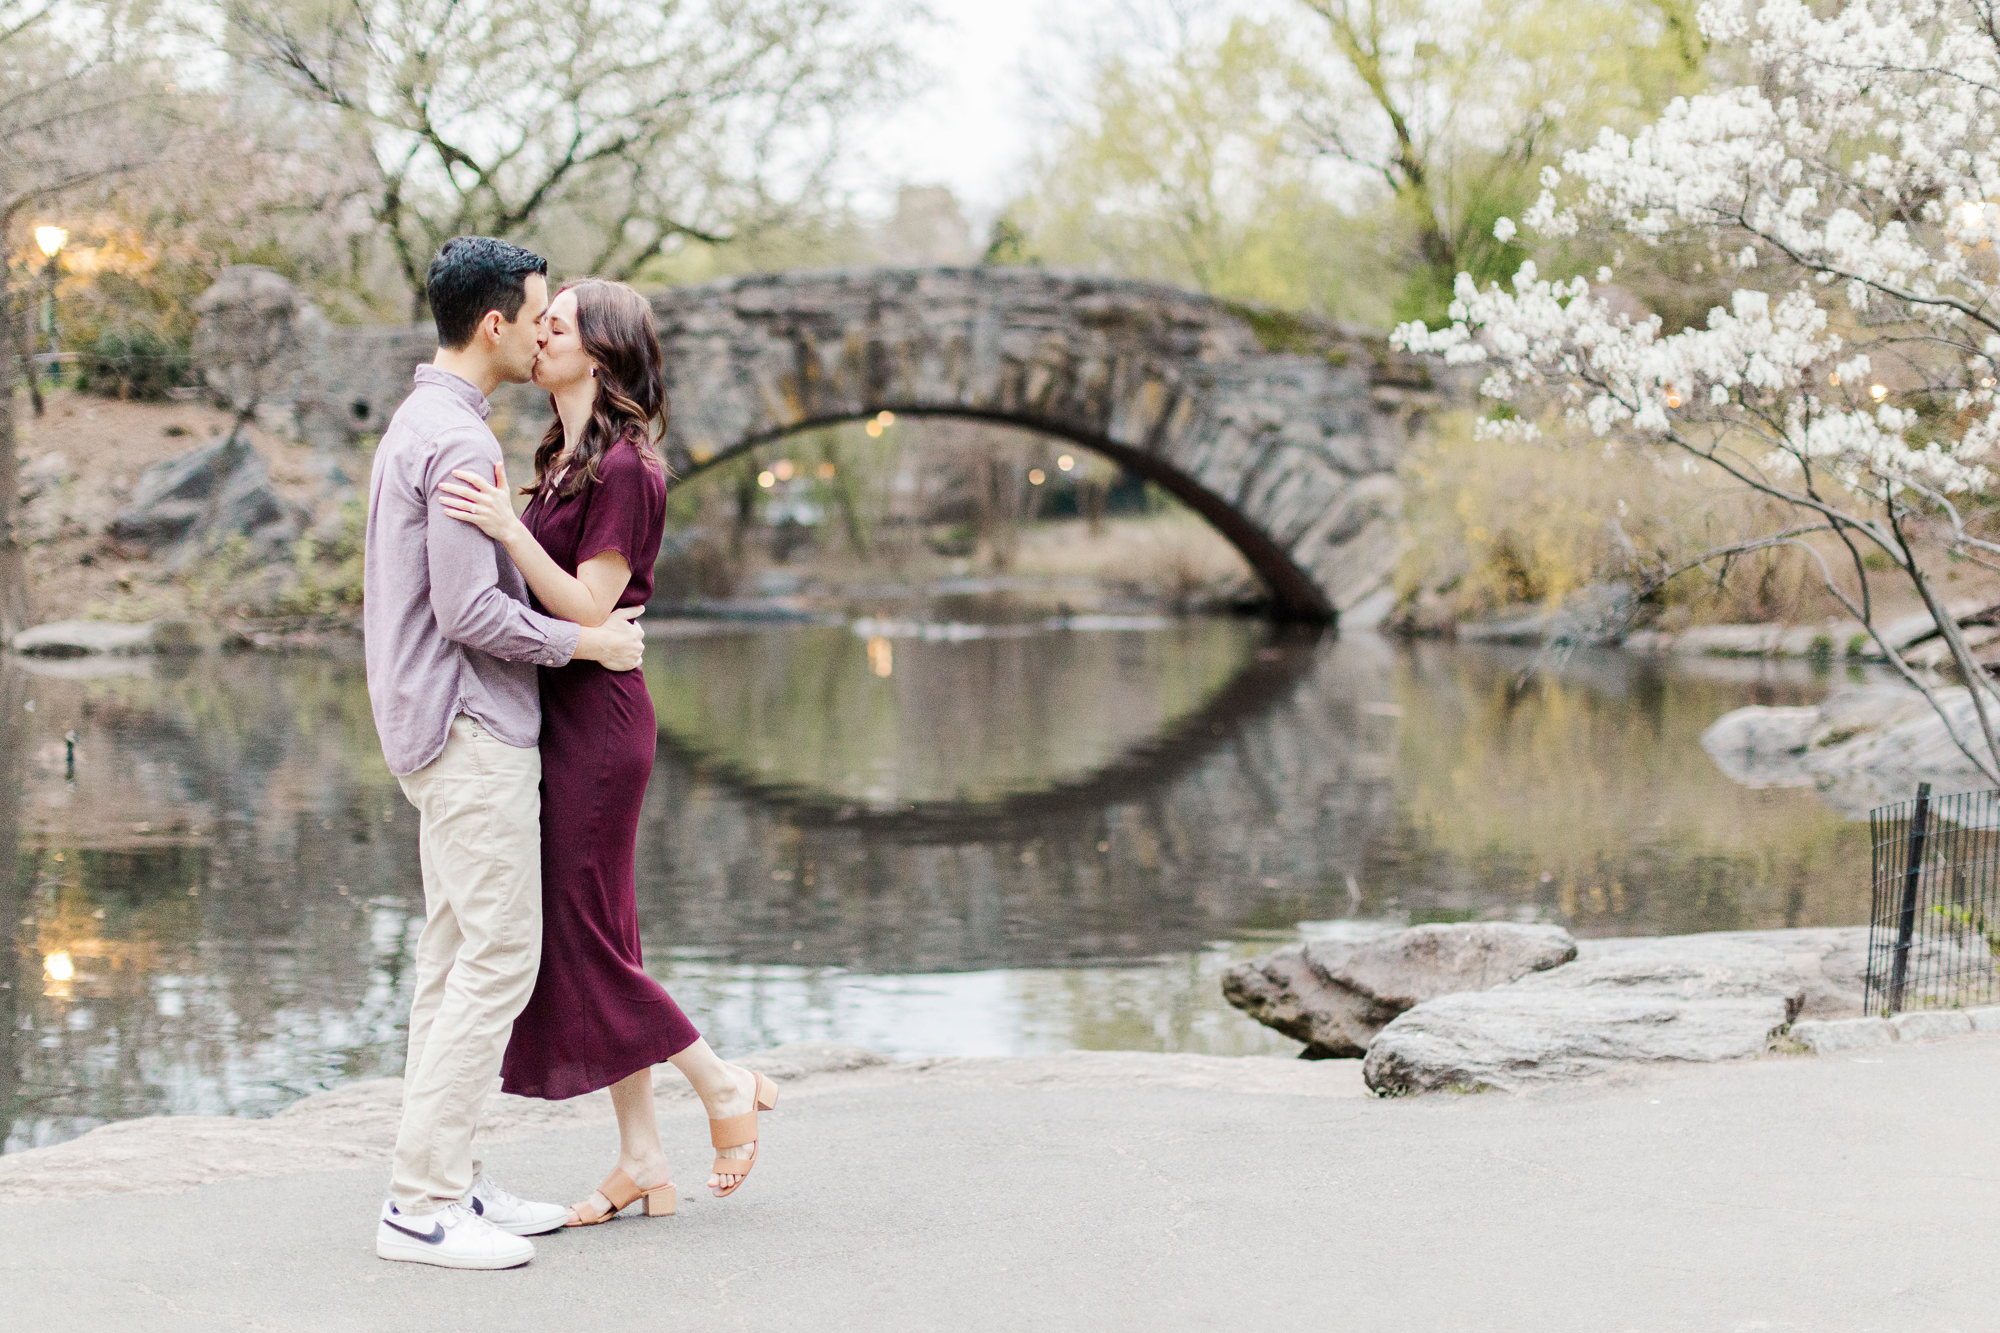 Fun-Filled Central Park Photo Shoot
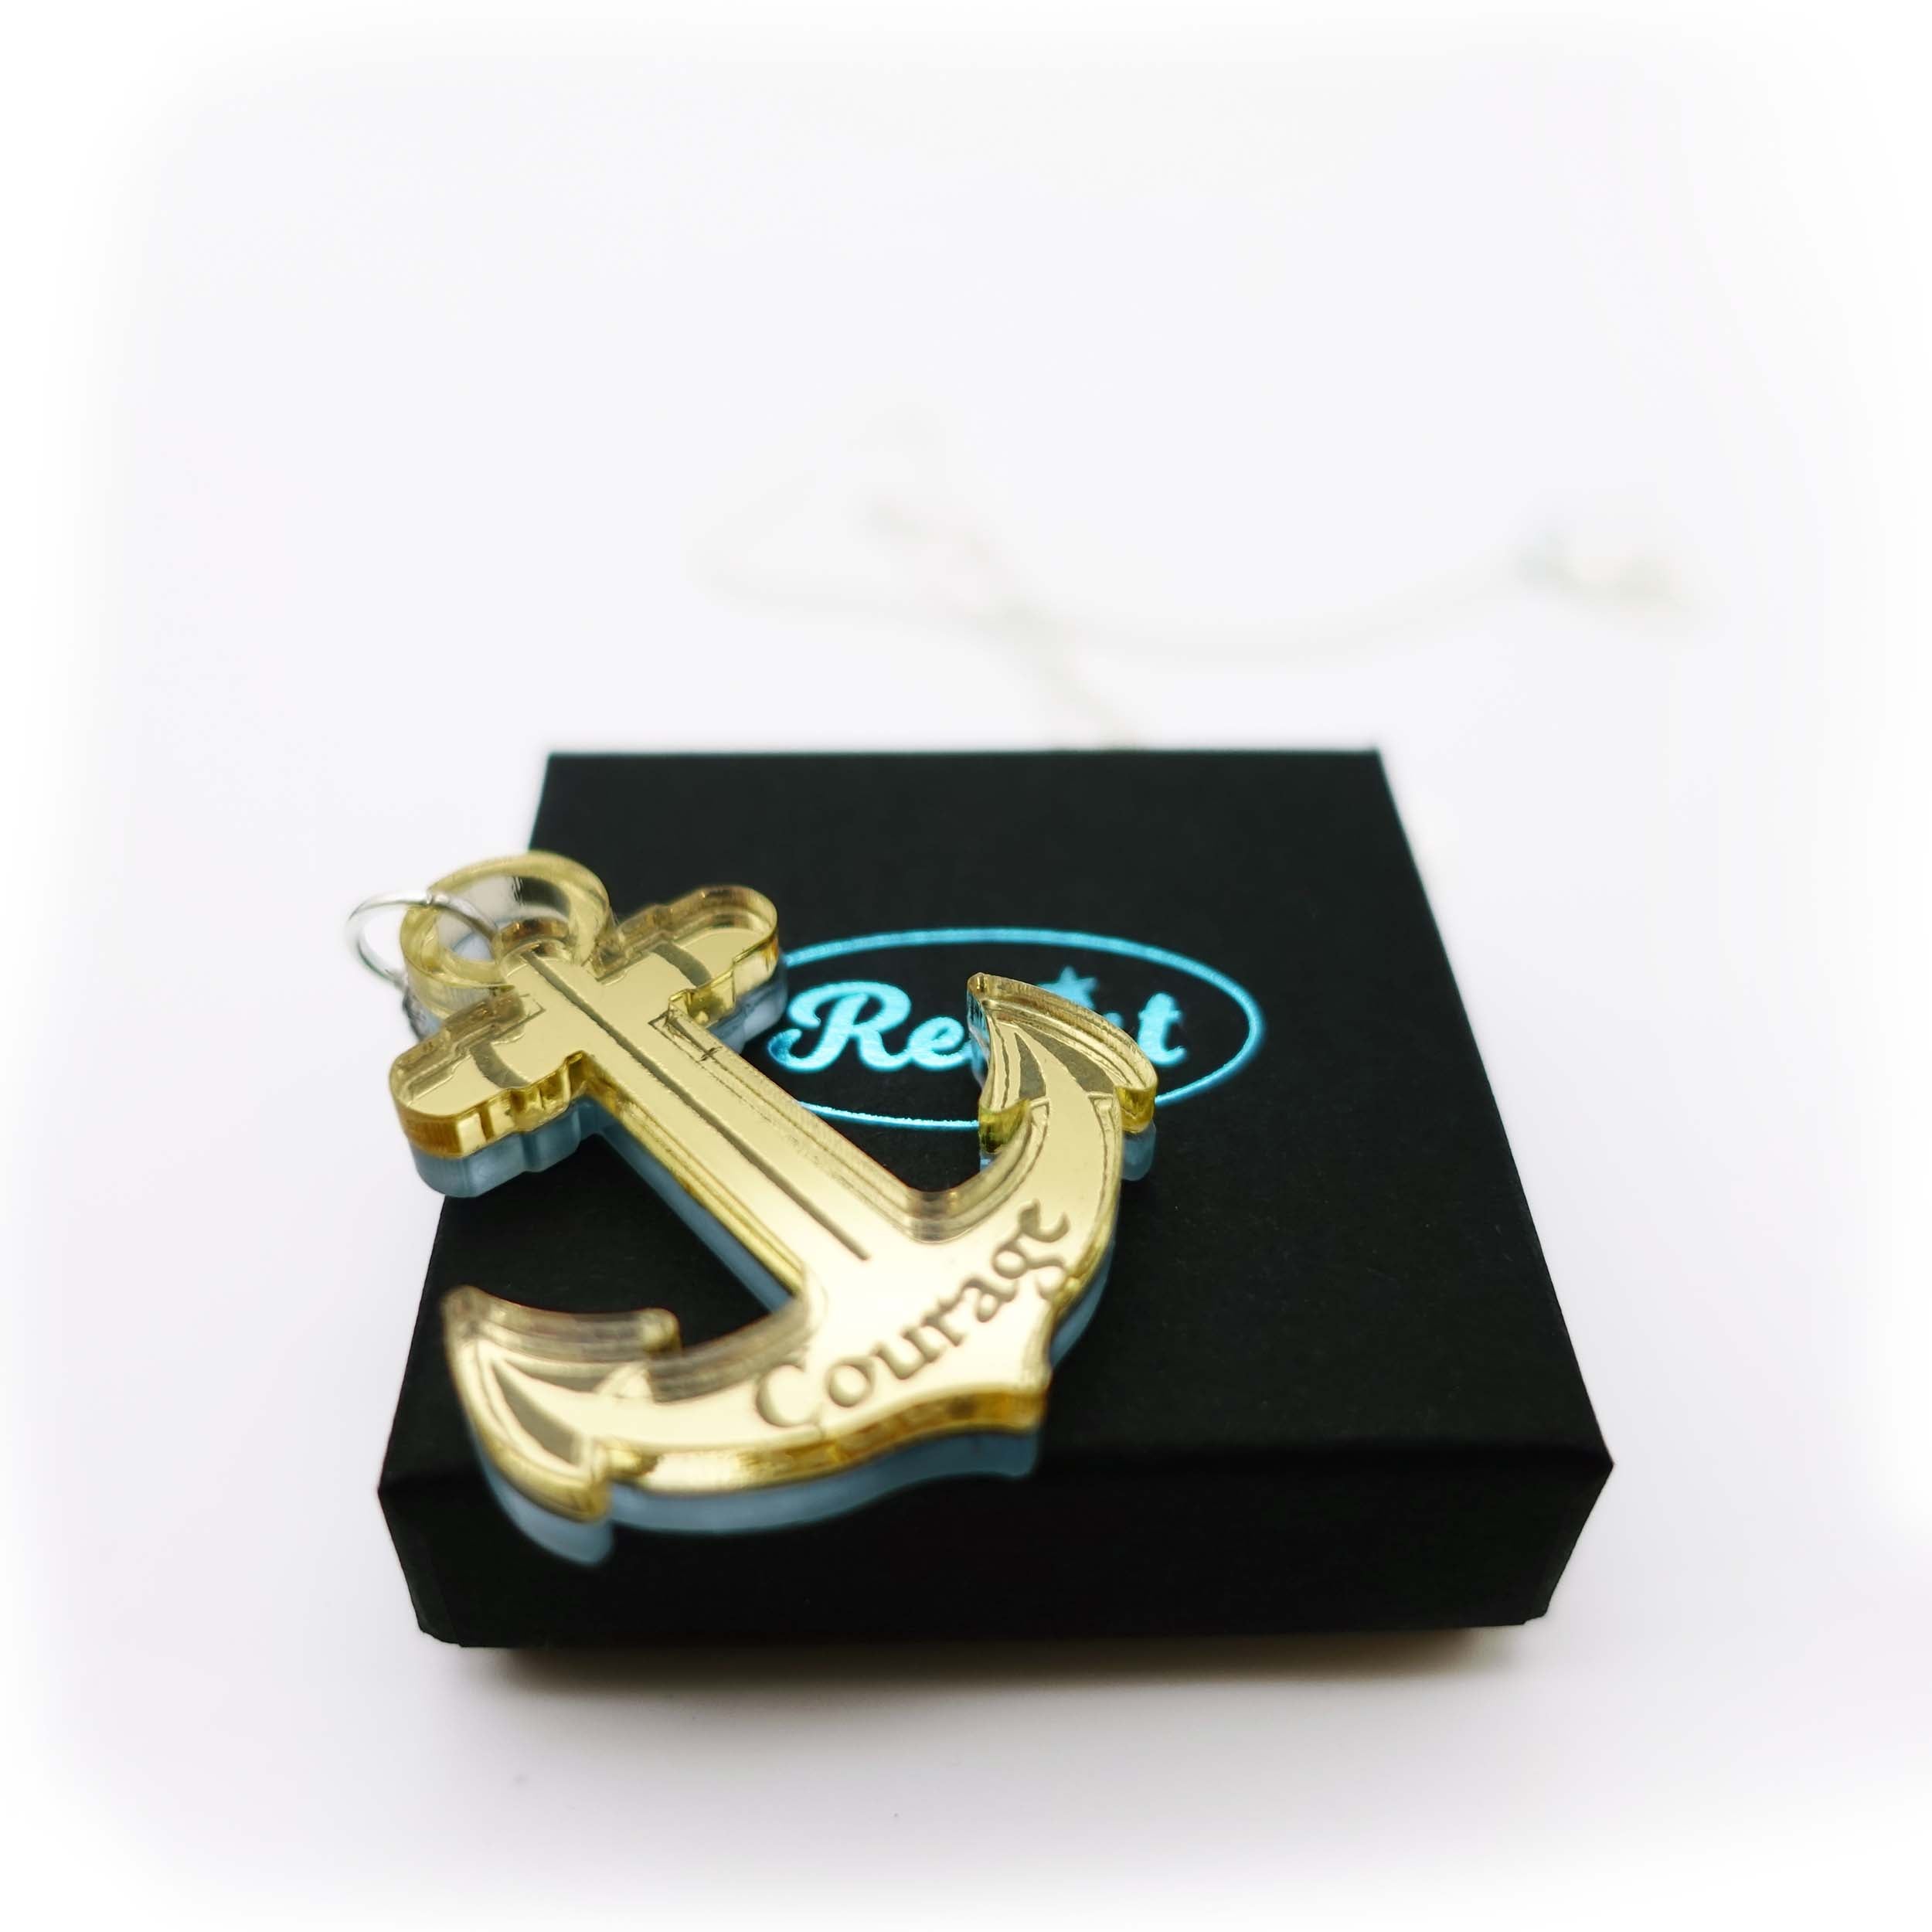 Gold engraved courage anchor pendant shown on the small gift box. £4 from the sale of each will be split equally between the RNLI and Women for Refugee Women. 
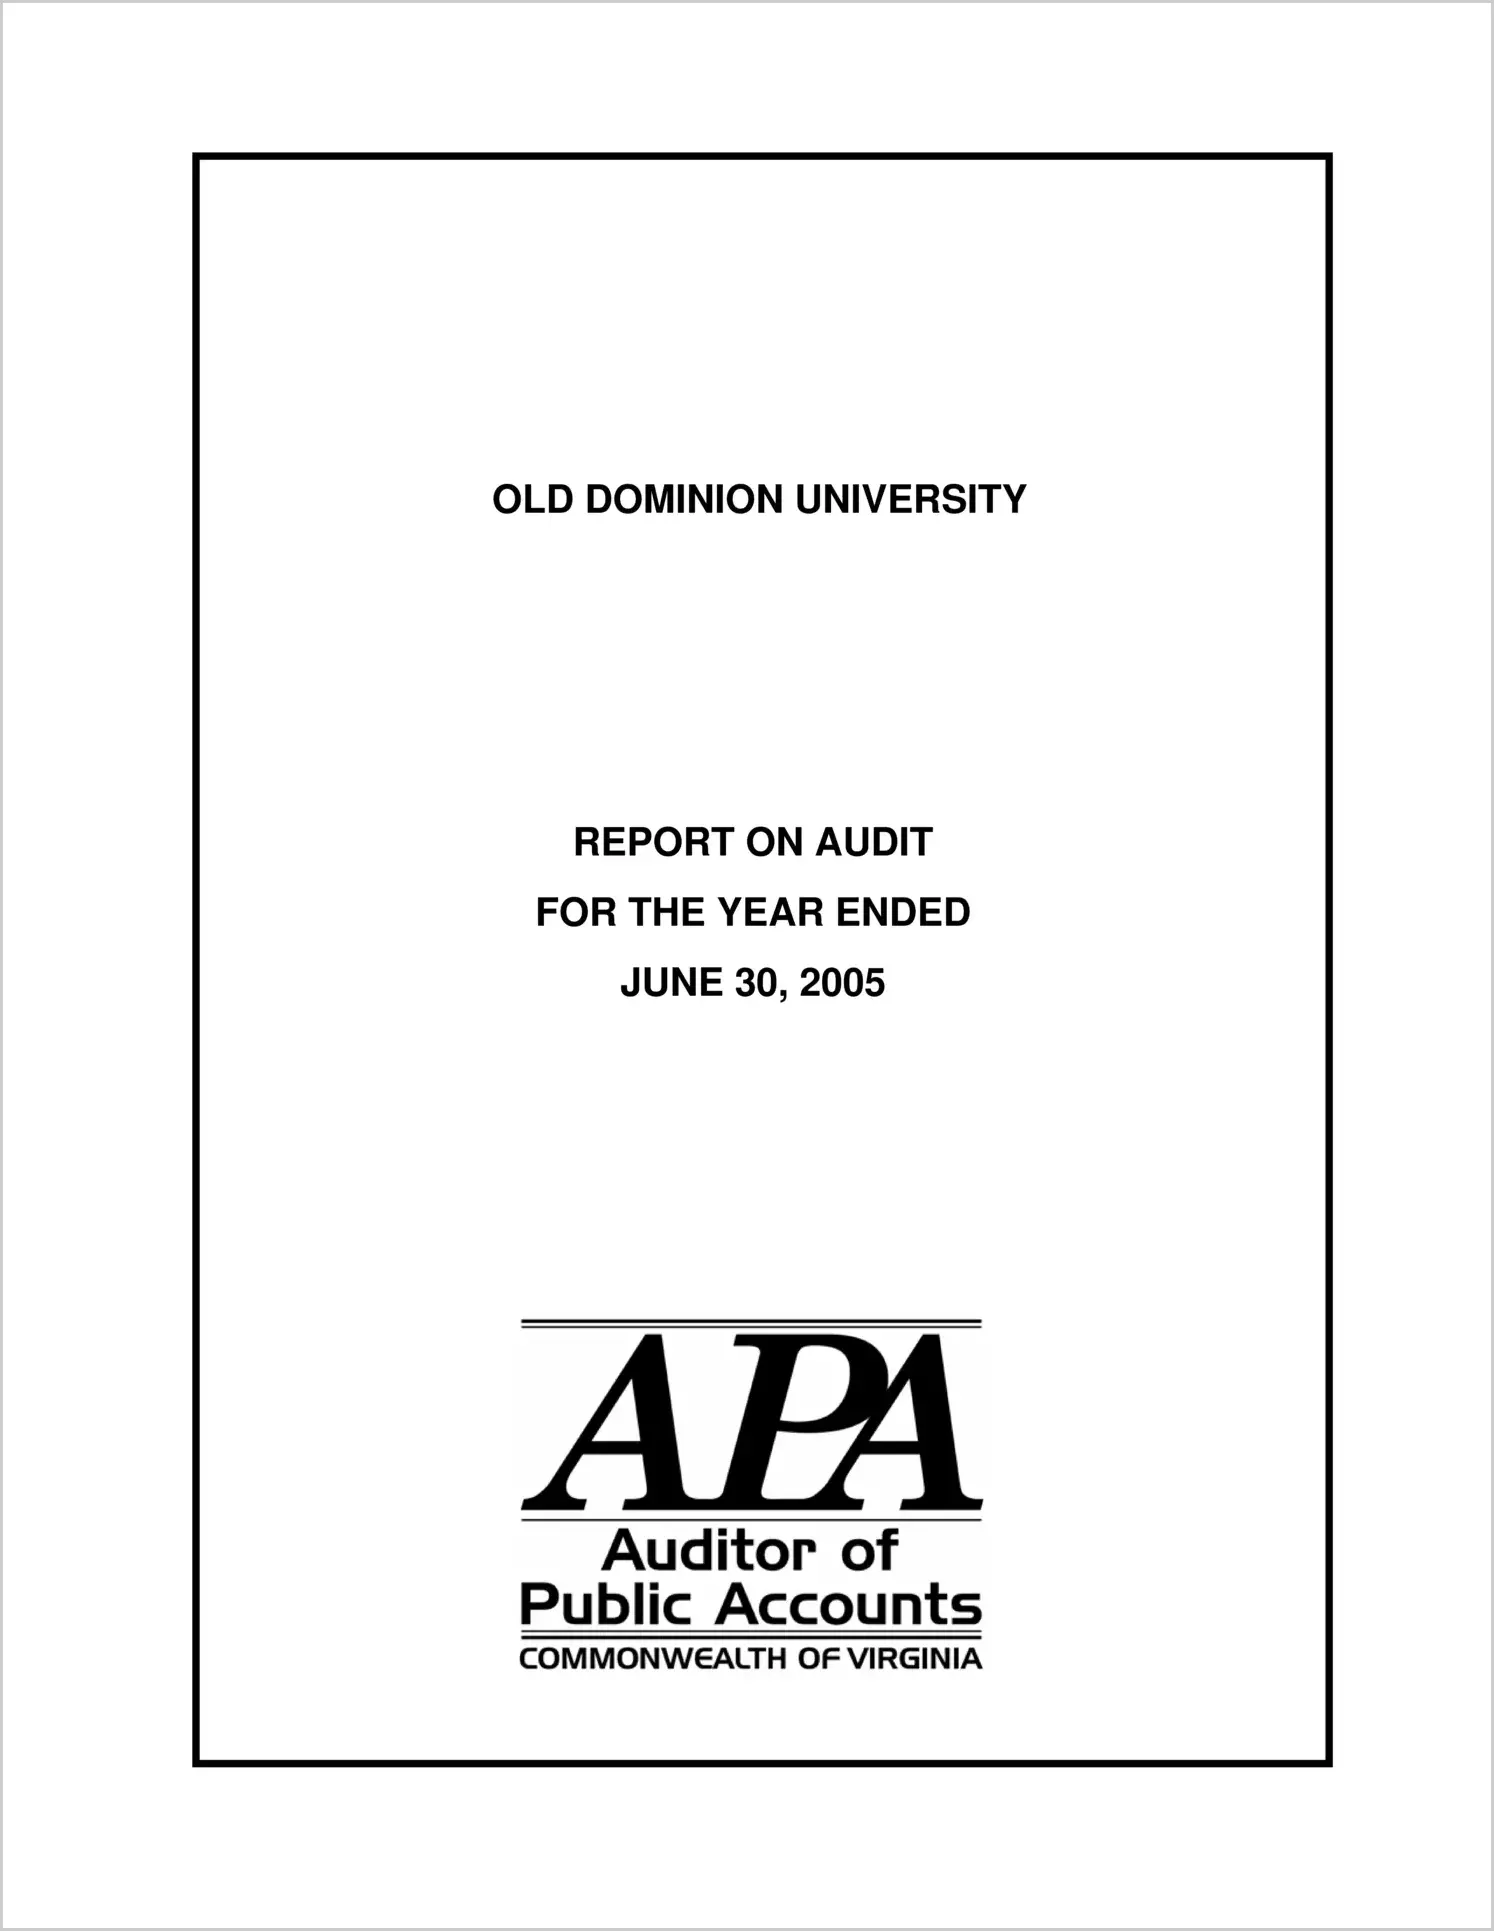 Old Dominion University for the year ended June 30, 2005

+ + + + +

WORK TASK:
Omit the pictures, then retype the remaining material without a single change.

RESPONSE AREA:
 Fun-Filled Central Park Photo Shoot
 Gold engraved courage anchor pendant shown on the small gift box. £4 from the sale of each will be split equally between the RNLI and Women for Refugee Women. 
 Old Dominion University for the year ended June 30, 2005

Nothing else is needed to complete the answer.